The Walt Disney Company has reacted to the activist investor and CEO of Third Point Management Dan Loeb’s letter requesting that the Mouse House implement several significant reforms to reduce expenses and produce free cash flow. Loeb declared a “substantial position” in the entertainment behemoth and requested that it consider five projects in a letter to Disney CEO Bob Chapek on Monday.
In the letter, he added that Margin management and “the disposal of surplus underperforming assets” are two components of a cost-cutting program. He also spoke about maintaining a dividend suspension during the COVID-19 theme park shutdown and using free cash flow to pay off debt, buy back shares, or make organic reinvestments in the company. Purchasing Hulu’s 33% minority interest from Comcast before the streaming service’s contractual date of early 2024 and incorporating it into.

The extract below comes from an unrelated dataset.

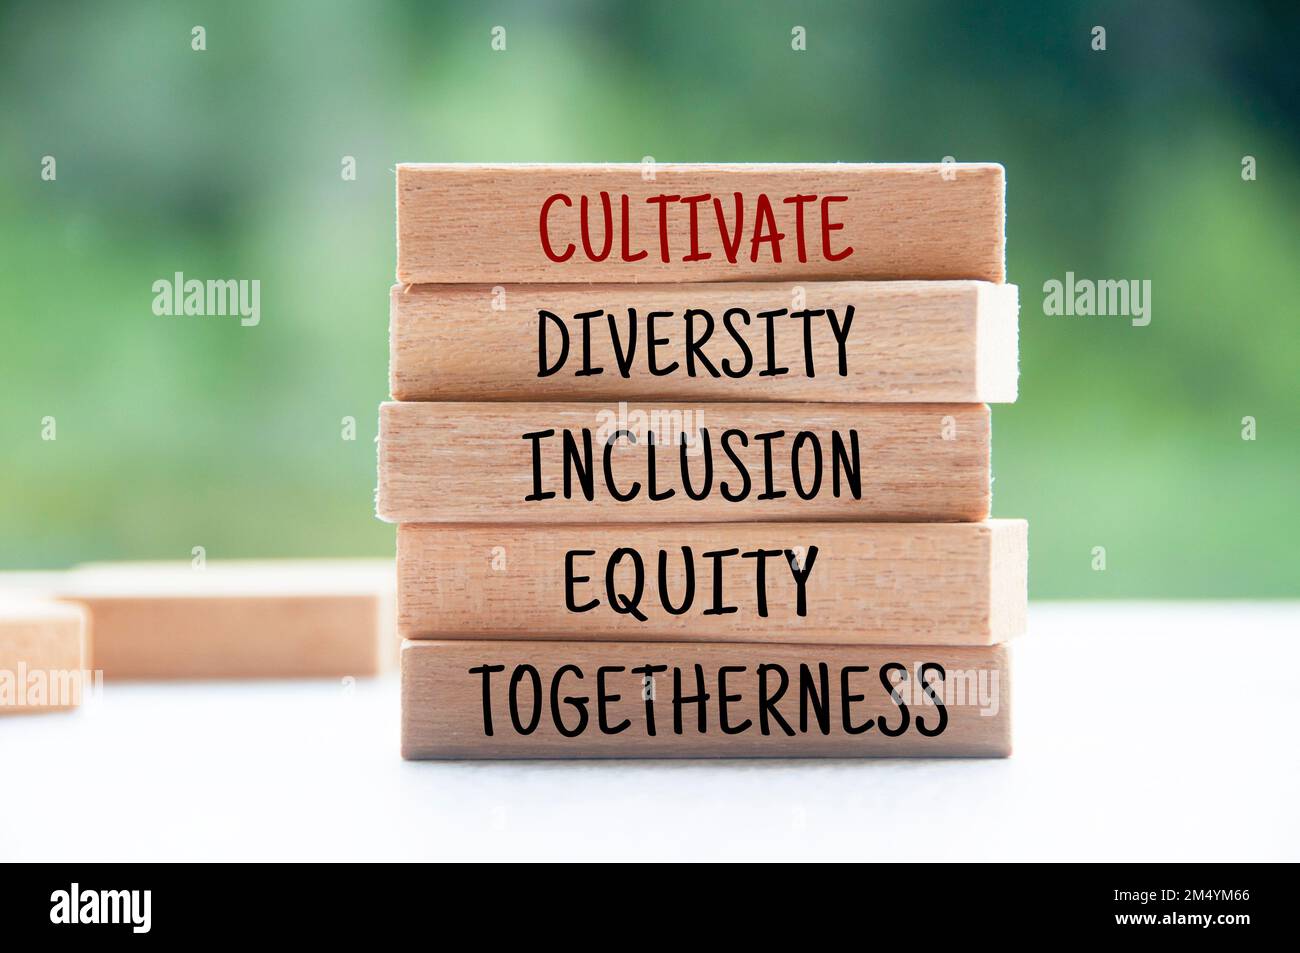 Cultivate diversity, inclusion, equity, togetherness text on wooden blocks with blurred nature background. Stock Photo

The board has also benefitted from ongoing renewal, with an average term of four years. Loeb previously bought a stake in Disney in October 2020. At the time, he urged the business to stop paying its $3 billion yearly dividend and use the money instead to create content and make purchases for. With adjusted profits per share of $1.09, up 36% from the same quarter a year ago, on revenue of $21.5 billion, up 26% from the same time, surpassed Wall Street projections for its fiscal third quarter on Monday.